[SUPPLIED ENTRIES — start]

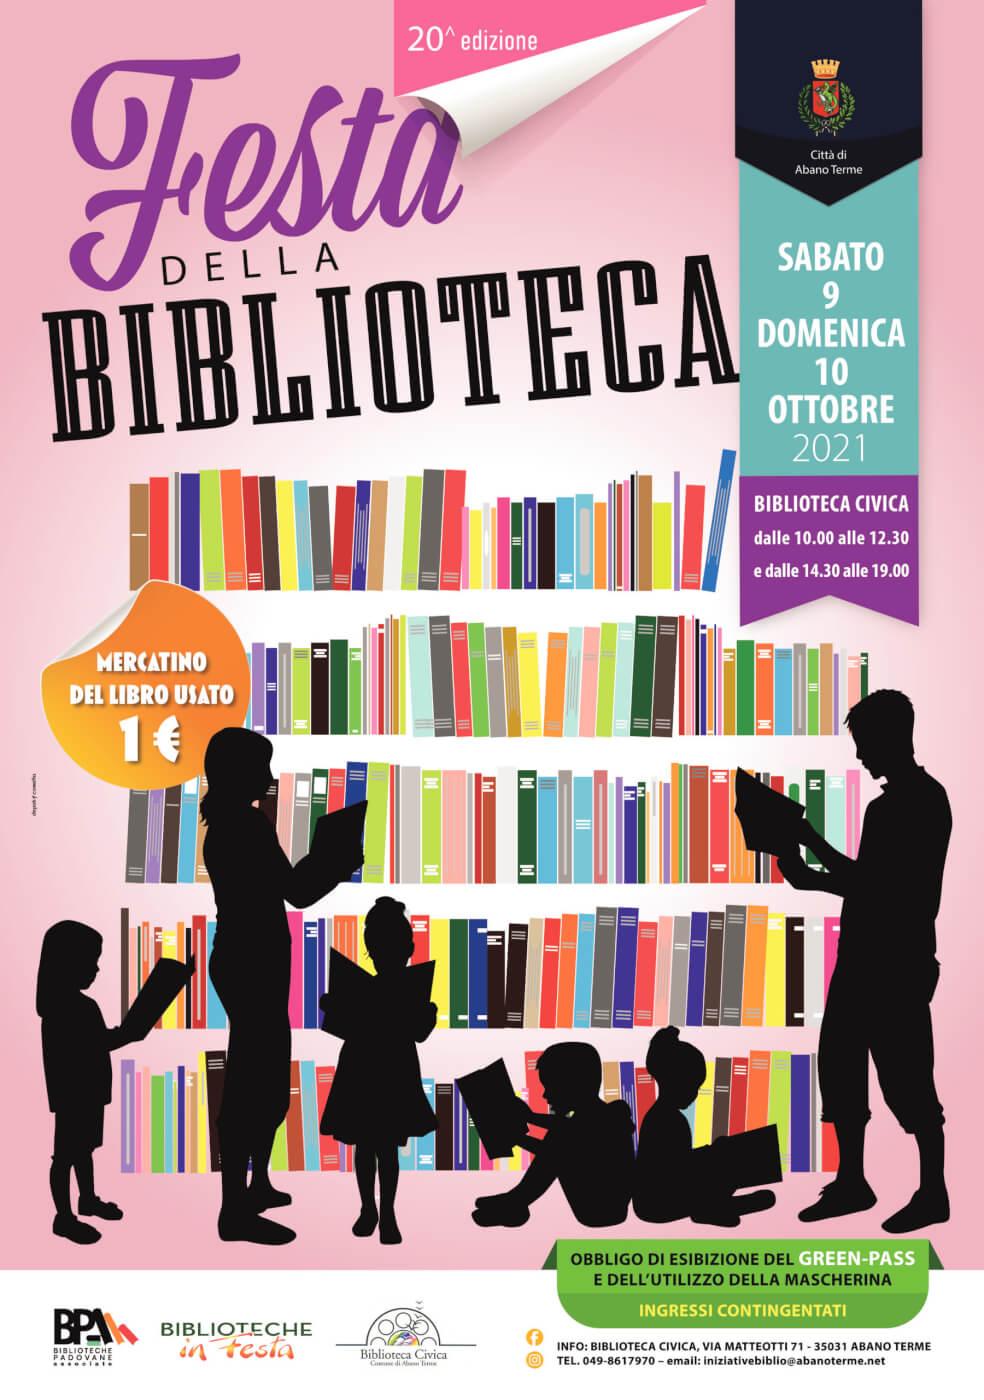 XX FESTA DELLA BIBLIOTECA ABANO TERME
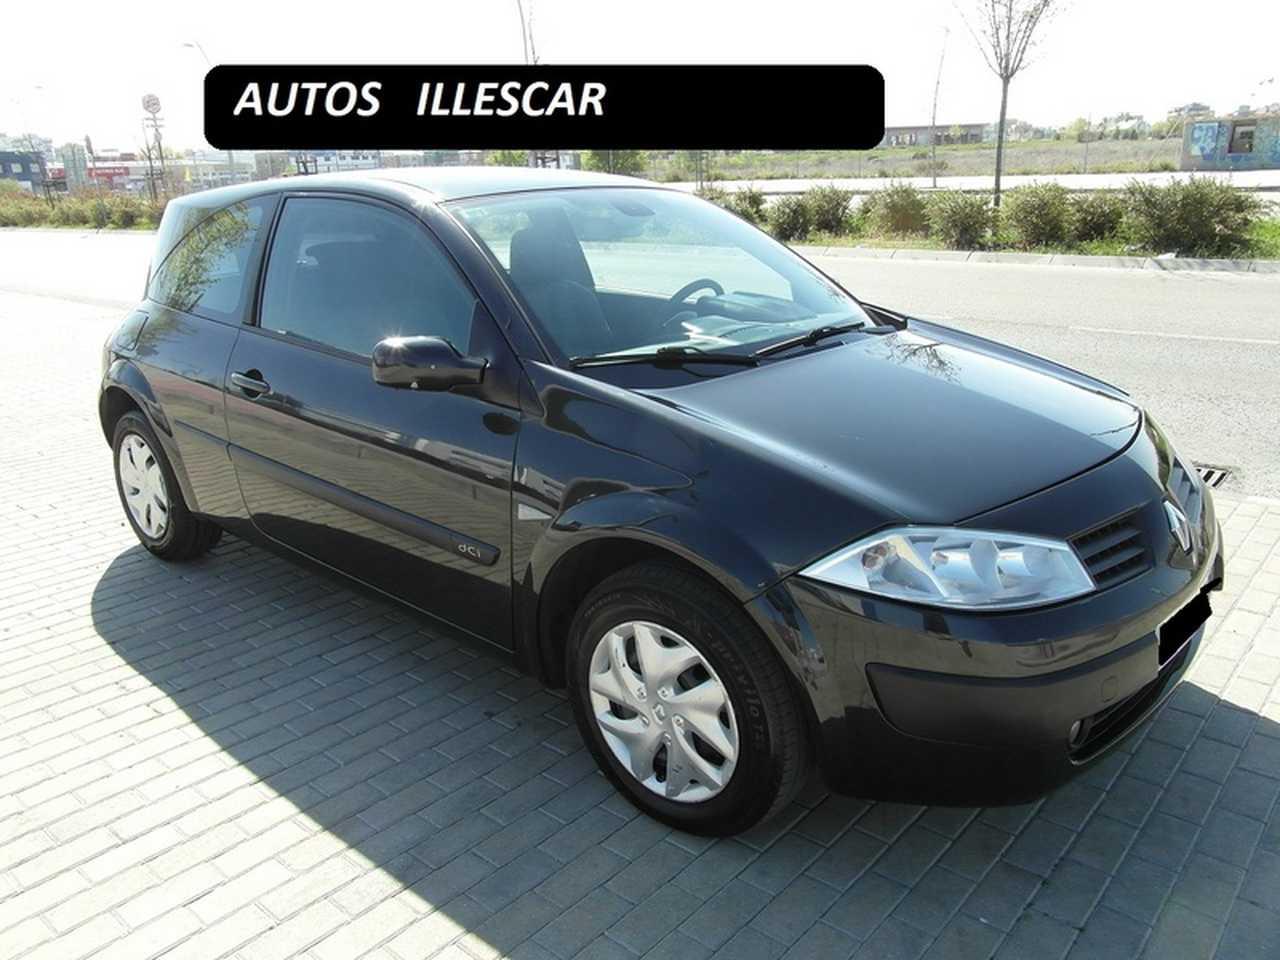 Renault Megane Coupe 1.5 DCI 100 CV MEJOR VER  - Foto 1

[SUPPLIED ENTRIES — finish]
[SUPPLIED ENTRIES — start]

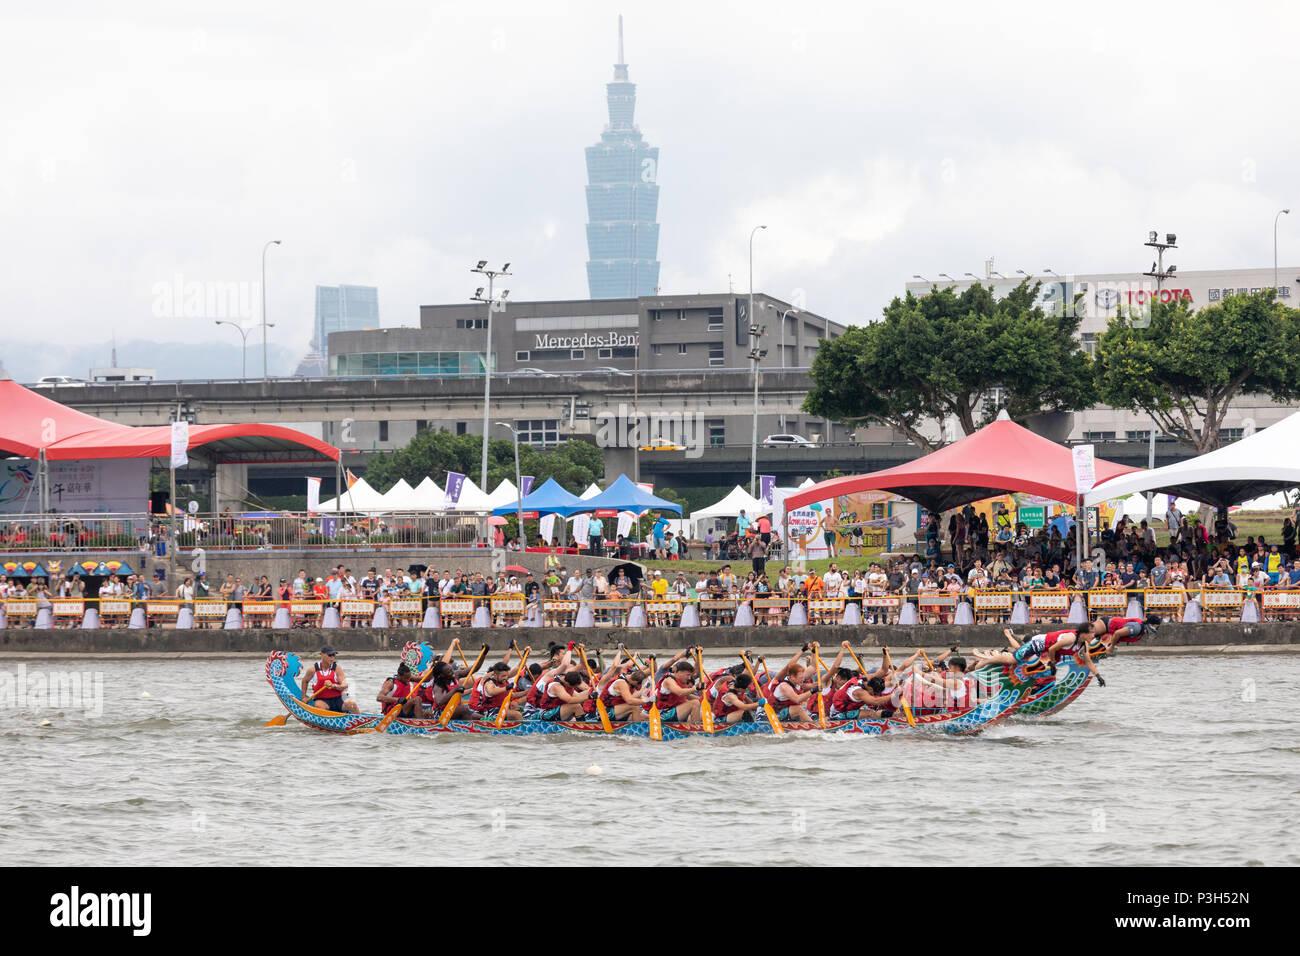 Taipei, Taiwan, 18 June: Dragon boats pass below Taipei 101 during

[SUPPLIED ENTRIES — finish]
[SUPPLIED ENTRIES — start]

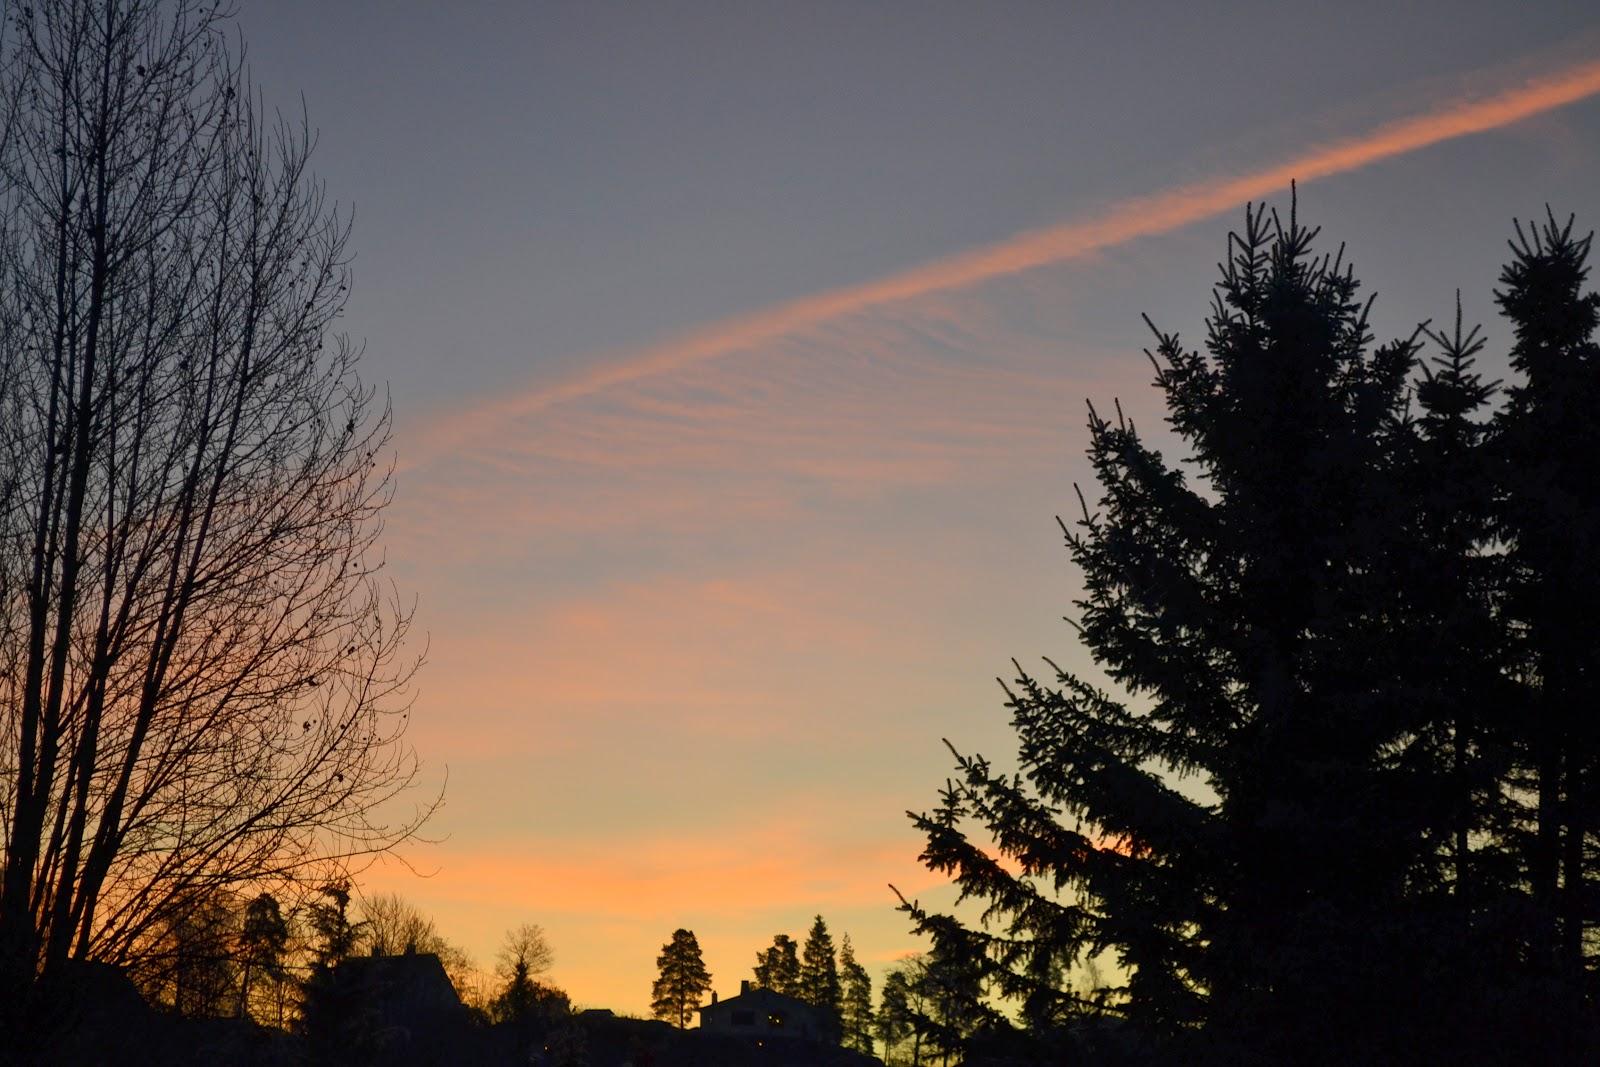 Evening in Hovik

[SUPPLIED ENTRIES — finish]

*AIM OF THE EXERCISE*.
What lines above run from the one with "XX FESTA DELLA BIBLIOTECA ABANO TERME" to the one with "Renault Megane Coupe"? Give them again exactly, ends included, and leave the pictures out.

*RESULT OF THIS TASK*.
 XX FESTA DELLA BIBLIOTECA ABANO TERME
 Renault Megane Coupe 1.5 DCI 100 CV MEJOR VER  - Foto 1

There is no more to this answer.